#### Available records:
- Opening Delimiter -
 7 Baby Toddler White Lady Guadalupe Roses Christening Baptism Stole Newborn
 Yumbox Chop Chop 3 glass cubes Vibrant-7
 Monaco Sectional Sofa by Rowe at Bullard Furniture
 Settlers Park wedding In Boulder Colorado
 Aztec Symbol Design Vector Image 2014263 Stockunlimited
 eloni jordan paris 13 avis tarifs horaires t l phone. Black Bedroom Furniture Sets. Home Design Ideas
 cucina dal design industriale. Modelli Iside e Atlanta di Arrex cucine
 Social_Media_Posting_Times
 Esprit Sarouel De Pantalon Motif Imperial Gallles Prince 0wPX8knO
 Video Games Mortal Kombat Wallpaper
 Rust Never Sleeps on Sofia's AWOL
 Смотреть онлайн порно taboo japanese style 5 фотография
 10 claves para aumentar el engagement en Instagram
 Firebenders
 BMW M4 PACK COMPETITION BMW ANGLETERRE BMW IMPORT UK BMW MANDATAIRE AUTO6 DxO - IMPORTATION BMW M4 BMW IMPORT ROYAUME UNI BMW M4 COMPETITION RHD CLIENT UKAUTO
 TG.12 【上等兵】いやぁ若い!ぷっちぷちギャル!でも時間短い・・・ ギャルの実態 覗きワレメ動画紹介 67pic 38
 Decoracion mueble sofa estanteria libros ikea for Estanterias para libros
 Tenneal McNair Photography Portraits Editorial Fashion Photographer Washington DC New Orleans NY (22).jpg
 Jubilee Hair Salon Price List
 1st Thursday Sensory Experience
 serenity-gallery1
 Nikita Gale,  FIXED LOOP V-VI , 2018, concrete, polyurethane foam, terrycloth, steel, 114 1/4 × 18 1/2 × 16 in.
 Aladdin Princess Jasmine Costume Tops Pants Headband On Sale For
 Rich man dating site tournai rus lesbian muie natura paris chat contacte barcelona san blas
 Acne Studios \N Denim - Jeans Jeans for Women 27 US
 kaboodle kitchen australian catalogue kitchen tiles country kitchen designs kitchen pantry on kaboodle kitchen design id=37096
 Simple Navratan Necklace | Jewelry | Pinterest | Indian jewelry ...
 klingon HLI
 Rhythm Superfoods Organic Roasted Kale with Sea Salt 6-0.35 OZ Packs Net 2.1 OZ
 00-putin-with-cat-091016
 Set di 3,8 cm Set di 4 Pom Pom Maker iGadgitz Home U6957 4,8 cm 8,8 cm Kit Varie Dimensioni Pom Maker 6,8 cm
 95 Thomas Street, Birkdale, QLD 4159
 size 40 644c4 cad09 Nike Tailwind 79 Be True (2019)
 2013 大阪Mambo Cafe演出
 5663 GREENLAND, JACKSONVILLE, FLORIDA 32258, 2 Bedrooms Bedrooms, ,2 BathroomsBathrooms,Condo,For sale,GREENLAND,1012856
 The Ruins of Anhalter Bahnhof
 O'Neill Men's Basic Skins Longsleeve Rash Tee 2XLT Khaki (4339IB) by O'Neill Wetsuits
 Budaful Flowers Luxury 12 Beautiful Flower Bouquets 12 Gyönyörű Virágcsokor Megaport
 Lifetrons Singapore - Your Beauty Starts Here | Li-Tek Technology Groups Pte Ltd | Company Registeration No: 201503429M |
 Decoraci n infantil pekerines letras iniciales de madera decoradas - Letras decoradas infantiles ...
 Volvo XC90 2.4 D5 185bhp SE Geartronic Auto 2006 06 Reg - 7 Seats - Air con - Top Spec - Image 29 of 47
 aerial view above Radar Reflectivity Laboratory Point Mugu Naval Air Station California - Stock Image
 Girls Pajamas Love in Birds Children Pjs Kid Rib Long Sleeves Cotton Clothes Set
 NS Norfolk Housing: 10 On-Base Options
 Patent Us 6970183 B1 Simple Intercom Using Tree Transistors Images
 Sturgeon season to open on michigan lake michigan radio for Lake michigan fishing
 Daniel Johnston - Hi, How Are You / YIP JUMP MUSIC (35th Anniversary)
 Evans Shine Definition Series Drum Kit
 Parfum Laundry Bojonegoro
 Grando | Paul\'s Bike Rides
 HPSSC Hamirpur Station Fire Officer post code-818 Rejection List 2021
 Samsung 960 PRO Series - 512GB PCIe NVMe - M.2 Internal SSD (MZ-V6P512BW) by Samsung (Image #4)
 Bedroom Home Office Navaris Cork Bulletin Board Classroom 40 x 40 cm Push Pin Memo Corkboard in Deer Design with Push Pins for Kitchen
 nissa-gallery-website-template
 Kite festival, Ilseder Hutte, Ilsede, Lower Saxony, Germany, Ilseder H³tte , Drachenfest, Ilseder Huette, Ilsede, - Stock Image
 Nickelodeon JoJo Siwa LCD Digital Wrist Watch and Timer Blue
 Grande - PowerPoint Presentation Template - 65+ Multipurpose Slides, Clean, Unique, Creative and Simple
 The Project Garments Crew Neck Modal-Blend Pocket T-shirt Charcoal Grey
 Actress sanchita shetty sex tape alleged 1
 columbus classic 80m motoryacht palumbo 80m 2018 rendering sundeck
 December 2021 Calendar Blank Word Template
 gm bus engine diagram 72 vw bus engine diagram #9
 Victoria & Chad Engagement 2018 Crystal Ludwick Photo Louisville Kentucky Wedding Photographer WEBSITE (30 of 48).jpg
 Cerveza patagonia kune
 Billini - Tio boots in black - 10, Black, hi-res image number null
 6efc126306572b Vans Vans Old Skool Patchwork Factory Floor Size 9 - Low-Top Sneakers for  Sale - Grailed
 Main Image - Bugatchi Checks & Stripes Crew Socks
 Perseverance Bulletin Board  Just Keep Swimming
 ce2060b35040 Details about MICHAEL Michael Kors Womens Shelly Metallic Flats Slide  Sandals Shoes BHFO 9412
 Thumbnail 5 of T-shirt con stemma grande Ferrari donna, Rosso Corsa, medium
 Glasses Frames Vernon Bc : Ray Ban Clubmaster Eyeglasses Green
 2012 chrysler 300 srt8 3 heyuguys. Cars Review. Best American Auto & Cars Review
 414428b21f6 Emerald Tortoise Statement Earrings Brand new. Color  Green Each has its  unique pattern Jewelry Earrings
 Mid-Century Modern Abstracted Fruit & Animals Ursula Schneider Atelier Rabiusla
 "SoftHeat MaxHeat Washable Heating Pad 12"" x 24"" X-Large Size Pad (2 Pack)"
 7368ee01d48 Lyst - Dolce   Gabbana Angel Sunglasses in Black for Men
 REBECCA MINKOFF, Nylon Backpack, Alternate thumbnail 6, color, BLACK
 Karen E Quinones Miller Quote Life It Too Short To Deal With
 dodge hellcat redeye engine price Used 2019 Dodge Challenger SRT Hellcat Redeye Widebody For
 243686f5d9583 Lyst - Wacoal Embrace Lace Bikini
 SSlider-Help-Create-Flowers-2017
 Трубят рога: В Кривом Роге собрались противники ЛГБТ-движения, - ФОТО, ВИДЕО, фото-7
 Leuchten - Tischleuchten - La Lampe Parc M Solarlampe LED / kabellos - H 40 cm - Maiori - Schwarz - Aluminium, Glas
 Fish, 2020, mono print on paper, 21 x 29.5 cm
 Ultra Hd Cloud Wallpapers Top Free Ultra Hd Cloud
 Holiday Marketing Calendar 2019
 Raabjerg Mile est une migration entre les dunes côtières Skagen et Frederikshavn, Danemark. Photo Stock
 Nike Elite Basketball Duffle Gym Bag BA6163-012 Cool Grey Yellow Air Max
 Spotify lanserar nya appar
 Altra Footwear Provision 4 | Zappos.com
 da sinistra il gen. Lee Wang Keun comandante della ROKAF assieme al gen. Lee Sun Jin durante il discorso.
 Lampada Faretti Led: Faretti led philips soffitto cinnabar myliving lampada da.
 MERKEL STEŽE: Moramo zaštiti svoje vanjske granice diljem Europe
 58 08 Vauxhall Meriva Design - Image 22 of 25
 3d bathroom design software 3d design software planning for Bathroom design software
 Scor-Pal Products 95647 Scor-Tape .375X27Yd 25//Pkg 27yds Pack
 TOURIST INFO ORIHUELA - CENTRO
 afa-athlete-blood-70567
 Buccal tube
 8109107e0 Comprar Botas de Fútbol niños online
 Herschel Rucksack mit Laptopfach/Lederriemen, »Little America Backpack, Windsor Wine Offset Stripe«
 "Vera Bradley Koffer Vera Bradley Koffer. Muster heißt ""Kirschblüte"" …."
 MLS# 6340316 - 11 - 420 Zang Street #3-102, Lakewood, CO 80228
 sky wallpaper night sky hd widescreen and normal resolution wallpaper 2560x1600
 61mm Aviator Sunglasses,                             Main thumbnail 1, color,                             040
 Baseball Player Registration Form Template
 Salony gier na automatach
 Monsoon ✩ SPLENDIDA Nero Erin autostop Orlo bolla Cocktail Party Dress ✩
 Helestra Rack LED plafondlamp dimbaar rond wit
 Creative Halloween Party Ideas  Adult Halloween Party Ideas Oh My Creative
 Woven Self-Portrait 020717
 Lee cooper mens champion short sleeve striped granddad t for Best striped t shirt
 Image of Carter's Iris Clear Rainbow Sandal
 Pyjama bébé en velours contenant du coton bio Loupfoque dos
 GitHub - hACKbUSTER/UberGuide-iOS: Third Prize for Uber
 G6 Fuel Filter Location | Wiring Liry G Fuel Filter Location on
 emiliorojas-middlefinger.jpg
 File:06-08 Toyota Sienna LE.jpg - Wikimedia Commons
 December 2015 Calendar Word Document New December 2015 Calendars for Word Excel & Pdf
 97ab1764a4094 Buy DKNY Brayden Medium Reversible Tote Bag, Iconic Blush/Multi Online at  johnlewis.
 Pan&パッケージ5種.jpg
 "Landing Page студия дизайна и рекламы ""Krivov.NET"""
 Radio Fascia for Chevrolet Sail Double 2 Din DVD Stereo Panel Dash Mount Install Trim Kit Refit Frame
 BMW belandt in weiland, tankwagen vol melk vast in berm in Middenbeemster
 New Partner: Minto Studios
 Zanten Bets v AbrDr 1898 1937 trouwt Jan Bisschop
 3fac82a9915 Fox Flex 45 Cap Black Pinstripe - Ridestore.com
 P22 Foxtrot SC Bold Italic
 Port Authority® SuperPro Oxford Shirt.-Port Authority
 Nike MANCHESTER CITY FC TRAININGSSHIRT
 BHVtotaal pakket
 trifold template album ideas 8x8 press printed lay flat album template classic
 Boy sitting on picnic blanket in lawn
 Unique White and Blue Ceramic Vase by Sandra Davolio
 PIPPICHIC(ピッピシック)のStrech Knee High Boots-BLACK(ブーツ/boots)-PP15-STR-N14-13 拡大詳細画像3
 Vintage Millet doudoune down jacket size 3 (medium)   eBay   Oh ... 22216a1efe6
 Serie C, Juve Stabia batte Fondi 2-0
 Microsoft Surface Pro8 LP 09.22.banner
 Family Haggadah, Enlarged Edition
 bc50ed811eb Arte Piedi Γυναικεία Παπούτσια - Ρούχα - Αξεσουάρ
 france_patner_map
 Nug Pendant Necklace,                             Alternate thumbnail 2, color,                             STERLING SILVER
- Closing Delimiter -
#### Problem to solve:
Output the data exactly, from the first line through the line that holds "TG.12 【上等兵】いやぁ若い!ぷっちぷちギャル!でも時間短い・・・ ギャルの実態", so that no later line appears.

#### Exercise answer:
 7 Baby Toddler White Lady Guadalupe Roses Christening Baptism Stole Newborn
 Yumbox Chop Chop 3 glass cubes Vibrant-7
 Monaco Sectional Sofa by Rowe at Bullard Furniture
 Settlers Park wedding In Boulder Colorado
 Aztec Symbol Design Vector Image 2014263 Stockunlimited
 eloni jordan paris 13 avis tarifs horaires t l phone. Black Bedroom Furniture Sets. Home Design Ideas
 cucina dal design industriale. Modelli Iside e Atlanta di Arrex cucine
 Social_Media_Posting_Times
 Esprit Sarouel De Pantalon Motif Imperial Gallles Prince 0wPX8knO
 Video Games Mortal Kombat Wallpaper
 Rust Never Sleeps on Sofia's AWOL
 Смотреть онлайн порно taboo japanese style 5 фотография
 10 claves para aumentar el engagement en Instagram
 Firebenders
 BMW M4 PACK COMPETITION BMW ANGLETERRE BMW IMPORT UK BMW MANDATAIRE AUTO6 DxO - IMPORTATION BMW M4 BMW IMPORT ROYAUME UNI BMW M4 COMPETITION RHD CLIENT UKAUTO
 TG.12 【上等兵】いやぁ若い!ぷっちぷちギャル!でも時間短い・・・ ギャルの実態 覗きワレメ動画紹介 67pic 38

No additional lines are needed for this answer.